Network analysis and clustering

We constructed a network representation of the combined trajectory based on pairwise Cα RMSD measurements of trajectory frames to visualize the conformational ensemble of the Cro dimer (26, 38, 39). The unweighted force-directed layout algorithm that is part of Cytoscape (40) was used. This method considers a conformation from simulation as a node and connects two nodes by an edge if the RMSD calculated between them in the pairwise matrix falls below a defined cutoff (26) (see Fig. S2 for details).
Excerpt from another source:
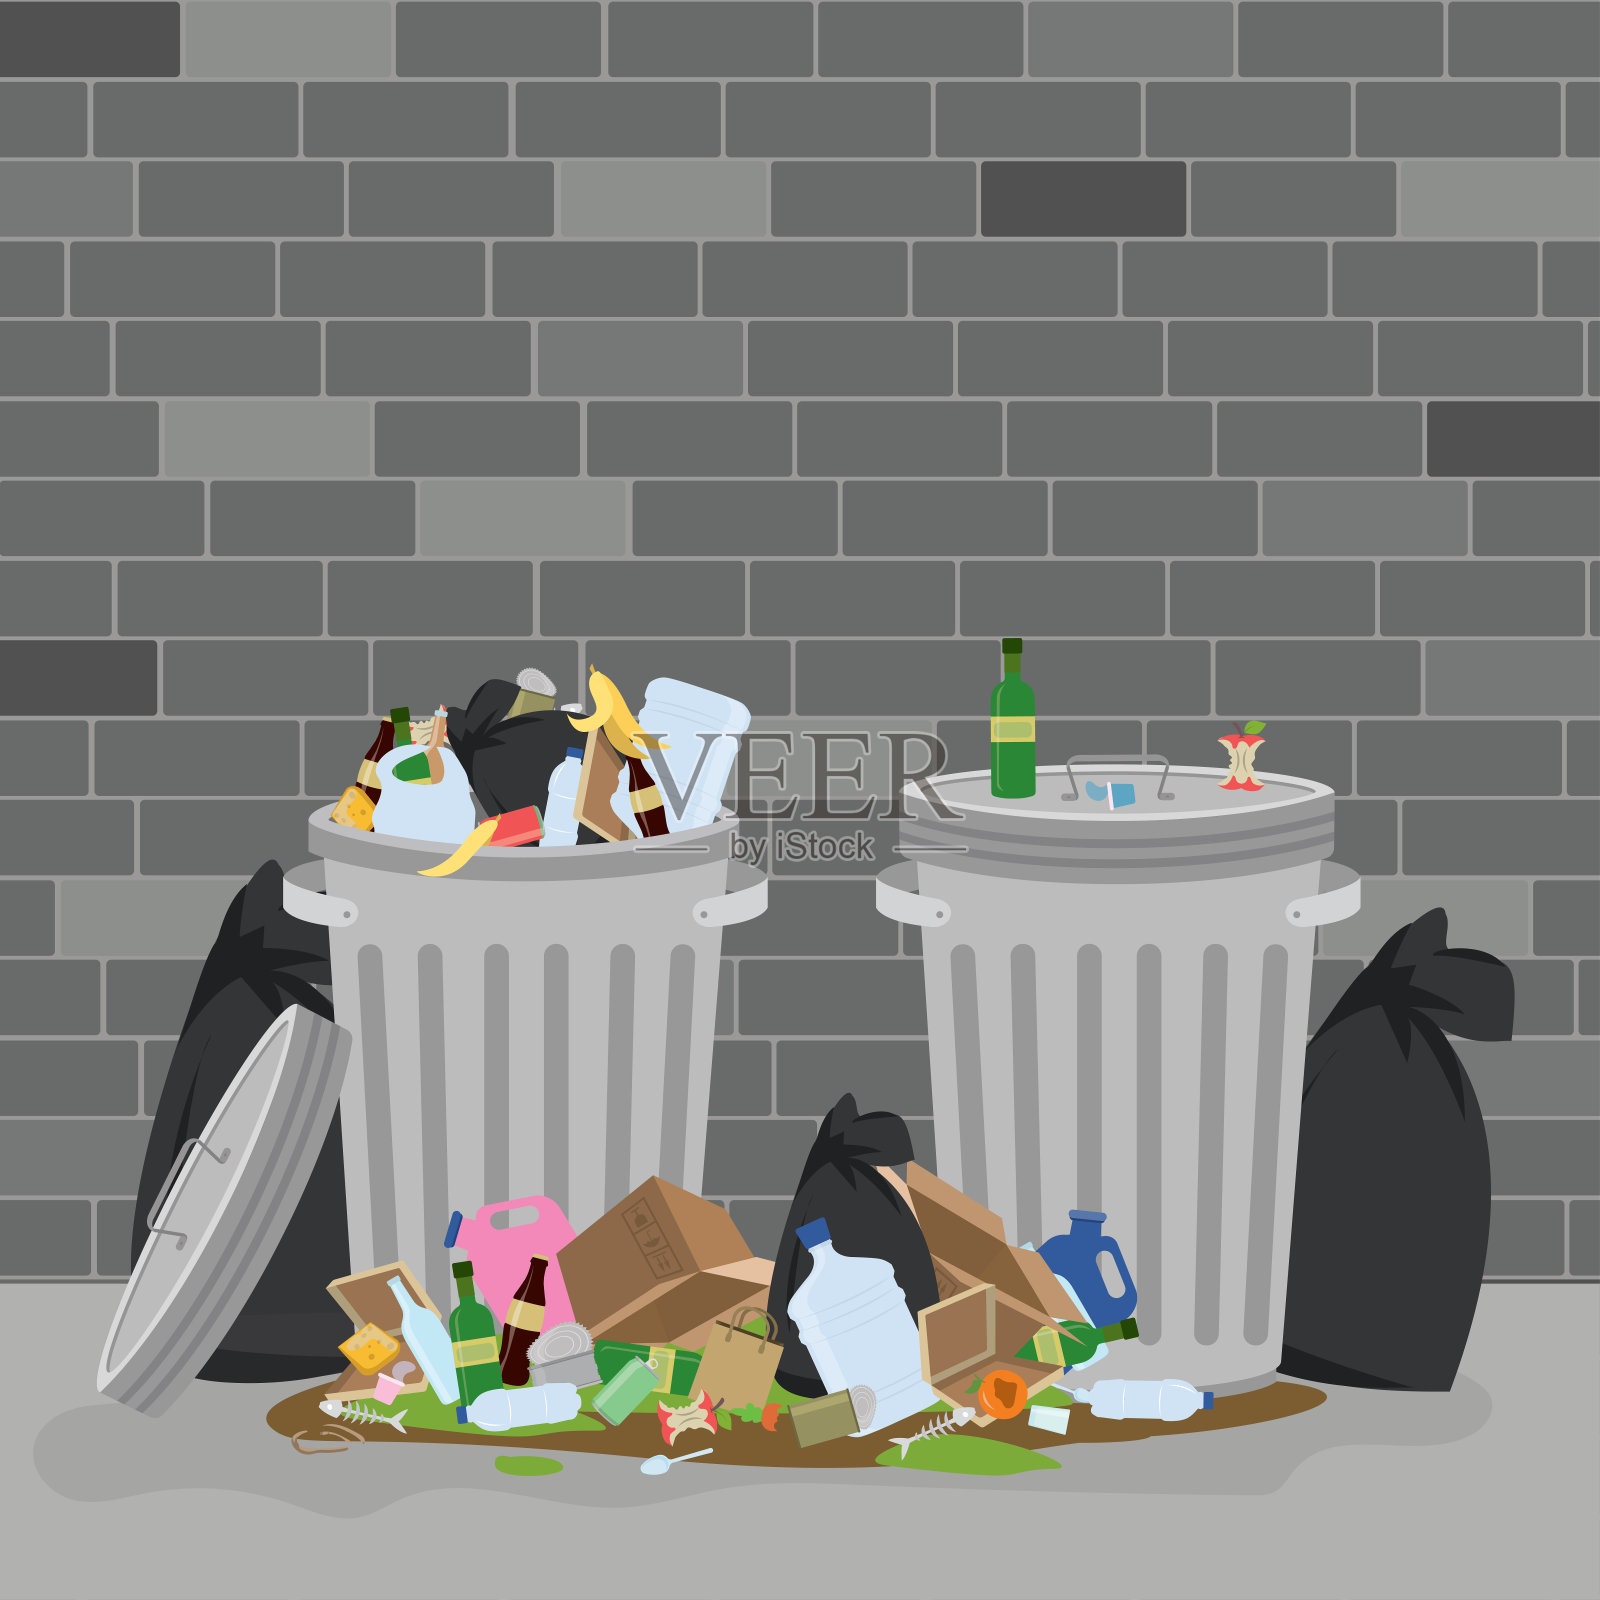 两个装满垃圾的金属垃圾桶。地板上有肮脏的垃圾和垃圾袋。城市污染设计元素图片

The algorithm treats the resulting graph as a heuristic physical system in which the edges act as springs, and all nodes feel a repulsive Coulomb-type interaction with respect to each other. The final layout is generated by minimization of the potential energy of the system. An RMSD cutoff of 1.7 Å was used to create the layout, which comprises 500 frames from 15–30 ns of the simulations started from the x-ray coordinates (250 frames from both trajectories, corresponding to every 60 ps). Networks comprising 500, 1000, and 1500 frames were nearly identical (data not shown). We used 500 frames for computational efficiency. After constructing the network, we performed clustering using the average linkage algorithm that is part of ptraj (41). We calculated five representative structures for 3750 frames from the combined and individual trajectories, and subsequently included the ones from the combined trajectory (as well as the x-ray and NMR structures) in the pairwise RMSD calculation to embed them in the network layout. The relationship between the network layout and clustering by the average linkage algorithm is shown in Fig. S3.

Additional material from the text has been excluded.